Why leave "you queer" out? Buckley wasn't ashamed of it. (Coulter gleefully adds: "Years later, in 1985, Buckley said of the incident: 'We both acted irresponsibly. I'm not a Nazi, but he is, I suppose, a fag.'")
Not only did he suggest tattooing the HIV-positive in the 1980s, he proudly repeated the suggestion three years ago (declining to identify himself in a way I'm sure he thought was arch):
Someone, 20 years ago, suggested a discreet tattoo the site of which would alert the prospective partner to the danger of proceeding as had been planned. But the author of the idea was treated as though he had been schooled in Buchenwald, and the idea was not widely considered, but maybe it is up now for reconsideration.

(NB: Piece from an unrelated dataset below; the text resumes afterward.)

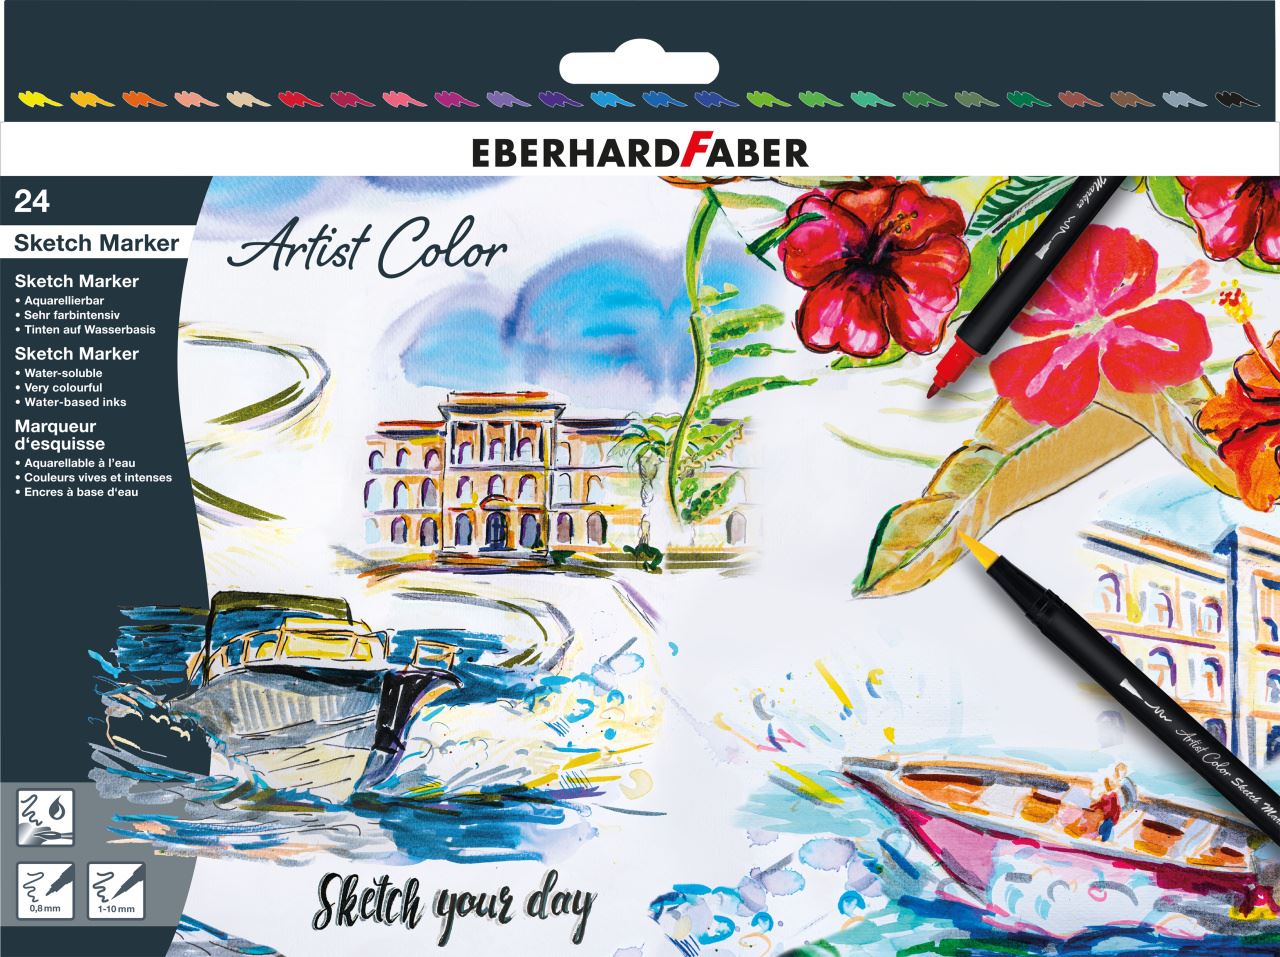 Eberhard-Faber - Artist Color Sketch Marker, Kartonetui mit 24 Farben

Hey, ABC -- show the man for what he was.
****
A much more honest tribute to Buckley shows up at the message board of the Stormfront White Nationalist Community -- a link to an article on Buckley and National Review from the neo-Nazi American Renaissance. Although it expresses regret for dangerous backsliding toward racial decency on Buckley's part in recent years, it commends him for his early racialism:
...passages from some back issues could have been lifted right out of American Renaissance.

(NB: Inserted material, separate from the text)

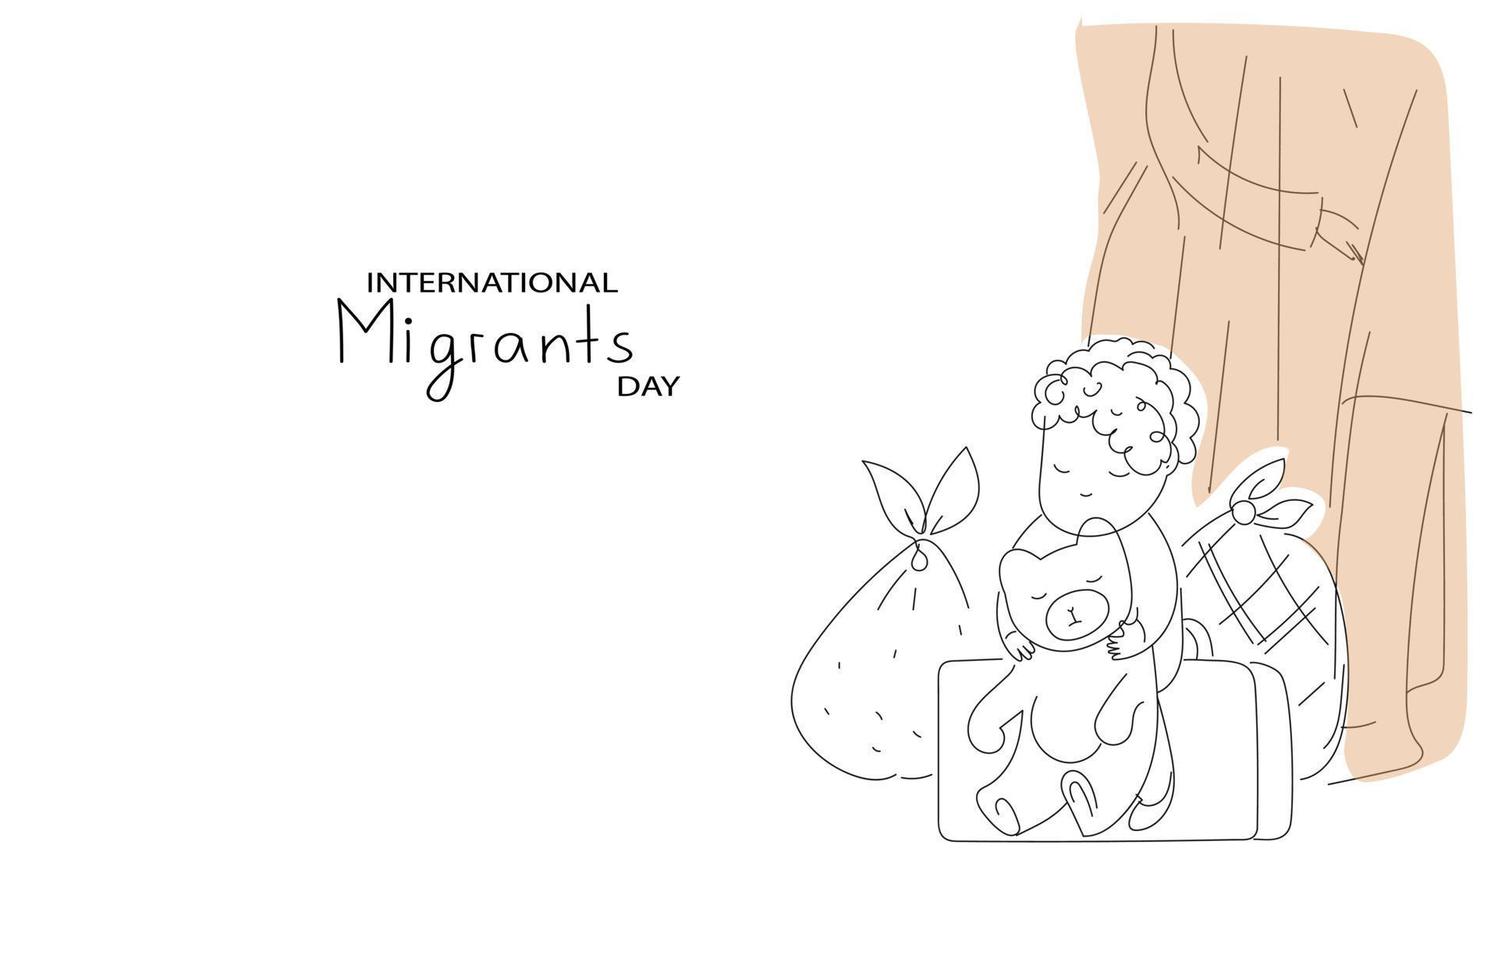 journée des migrants internationaux. illustration de doodle plat horizontal en mode sombre vecteur multicolore pour bannière de médias sociaux, affiche

...Mr. Buckley's magazine stood firm. A book review from the July 13th issue of ... 1957 ... by Richard Weaver was called, "Integration is Communization." Mr. Weaver found Carl Rowan's Go South to Sorrow "a sorry specimen of Negro intellectual leadership," and went on to express deep suspicion about the whole integrationist enterprise:
"'Integration' and 'Communization' are, after all, pretty closely synonymous. In light of what is happening today, the first may be little more than a euphemism for the second. It does not take many steps to get from the 'integrating' of facilities to the 'communizing' of facilities, if the impulse is there."
...In a column written five months before the passage of the 1965 Voting Rights Act and called "The Issue at Selma," [Buckley] ... sympathized with the Southern position writing, "In much of the South, what is so greatly feared is irresponsible, mobocratic rule, and it is a fear not easily dissipated, because it is well-grounded that if the entire Negro population in the South were suddenly given the vote, and were to use it as a bloc, and pursuant to directives handed down by some of the more demagogic leaders, chaos would ensue." He also warned of "a suddenly enfranchised, violently embittered Negro population which will take the vote and wield it as an instrument of vengeance, shaking down the walls of Jericho even to their foundations, and reawakening the terrible genocidal antagonisms that scarred the Southern psyche during the days of Reconstruction." ...
In an April 8, 1969 column called "On Negro Inferiority" Mr. Buckley wrote about the furor caused by Arthur Jensen's research about race and IQ, calling it "massive, apparently authoritative." Mr. Buckley even bragged that "Professor Ernest van den Haag, writing in National Review (Dec. 1, 1964) ... brilliantly anticipated the findings of Dr. Jensen and brilliantly coped with their implications."
The late Revilo Oliver, classicist and outspoken racialist, made regular appearances in the early NR. Mr. Buckley thought so highly of him he put his name on the masthead and invited him to his wedding....
That's only a tiny sample of the riches the American Renaissance article has on display.
Ann Coulter, in her tribute, says, "there was a lot more to him than a bow tie and a sailboat." I'll say.